New study finds women with damaged retinas may also have problems with thinking and memory skills

Eye health may be related to brain health

CLEVELAND, Ohio - A new study finds people with diseases that damage their retinas may be more likely to have problems with thinking and memory skills.

Problems with tiny blood vessels in the eye that damage the retina may be a sign that there are also problems with the blood vessels in the brain.

That's the finding of a new study out of the University of California, San Francisco .

Dr. Rishi Singh did not take part in the study but is an ophthalmologist at Cleveland Clinic interested in the findings.

"It's really well-known that diseases like hypertension and diabetes, which are really micro-vascular diseases can affect the eye as much as they affect the brain. It's just nice to know that we can pick it up as to see that the patients who do have retinopathy may need further evaluation with their primary care physician to control those disease states before they go on to develop severe neurological conditions," said Dr.

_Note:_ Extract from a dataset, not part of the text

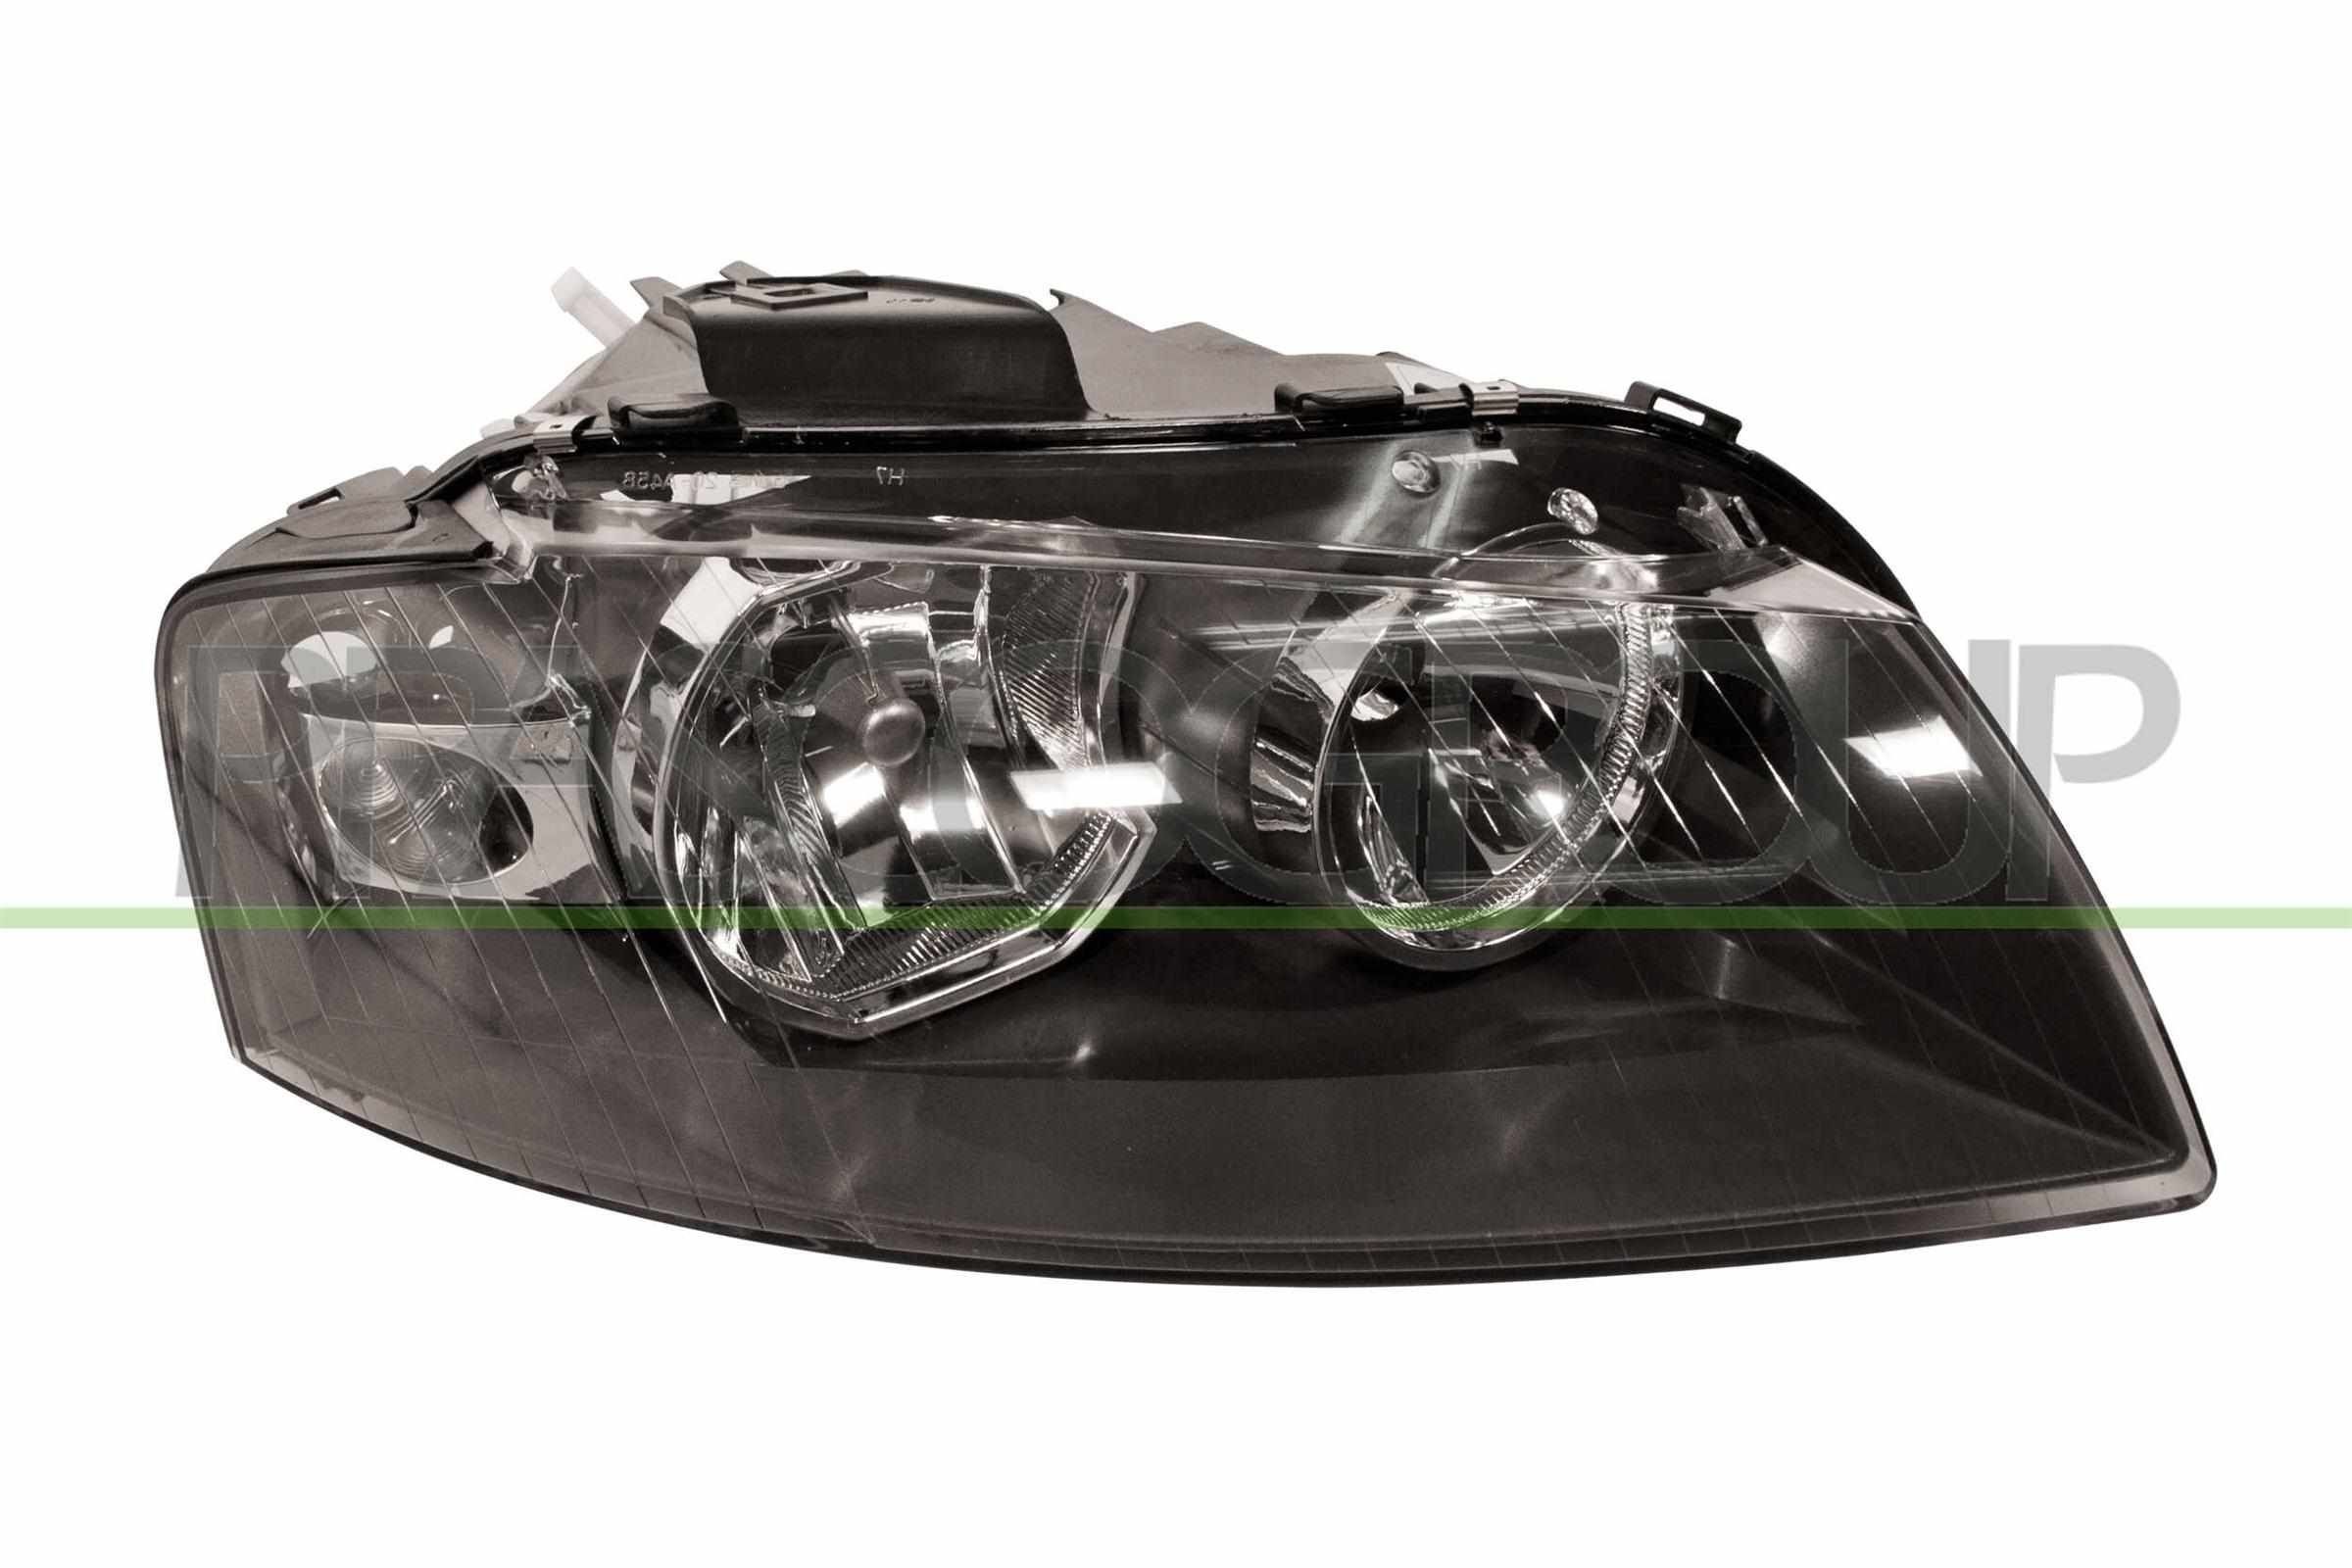 Scheinwerfer für Audi A3 8P LED und Xenon kaufen ▷ AUTODOC Online-Shop
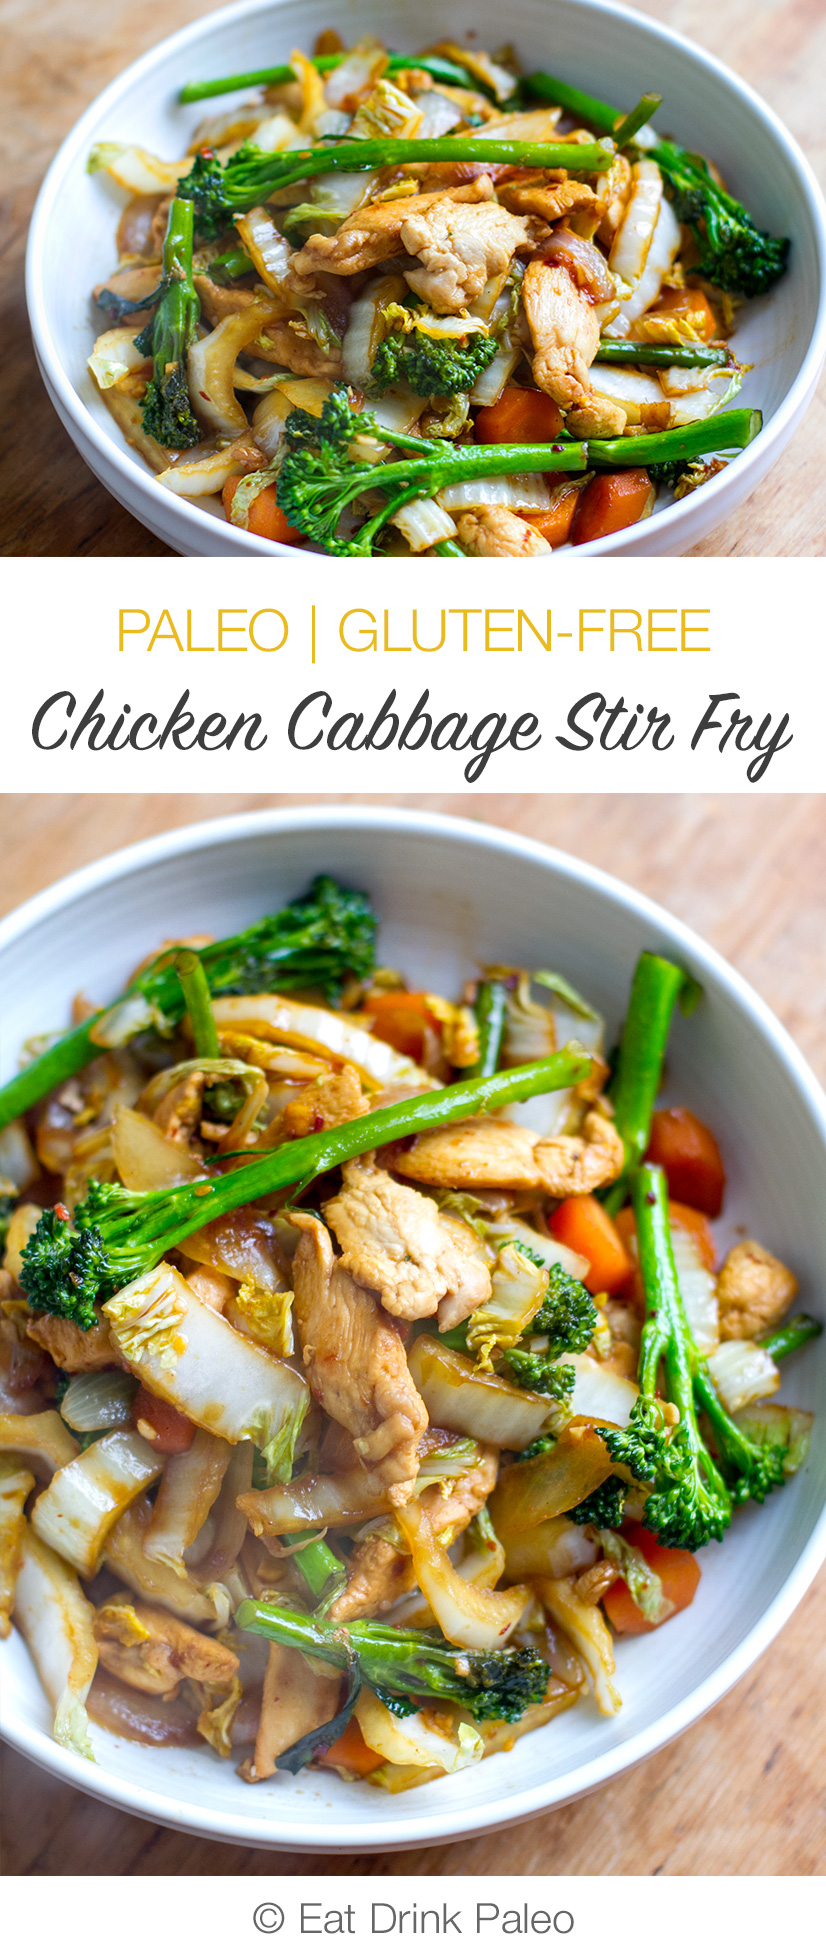 Chicken Cabbage Stir Fry (Paleo, Gluten-Free, Low-Carb)

Singh.

Researchers studied more than 500 women in this study.

They tested their memory and thinking skills at the beginning of the study, and then they followed them for up to 10 years.

They found the women who had damage to their retinas -- or retinopathy -- had lower scores on their cognitive tests than women who had no retinal damage.

Researchers think that one day a simple eye screening could expose brain health problems.

Dr. Singh agrees.

 "That's why screening is so key. Seeing a patient, as the American Academy of Ophthalmology recommends, at the age of 65 and yearly, thereafter, is really key to making sure you monitor them for the diseases that may occur in their lives," said Dr. Singh.

Complete findings for this study are in the journal "Neurology."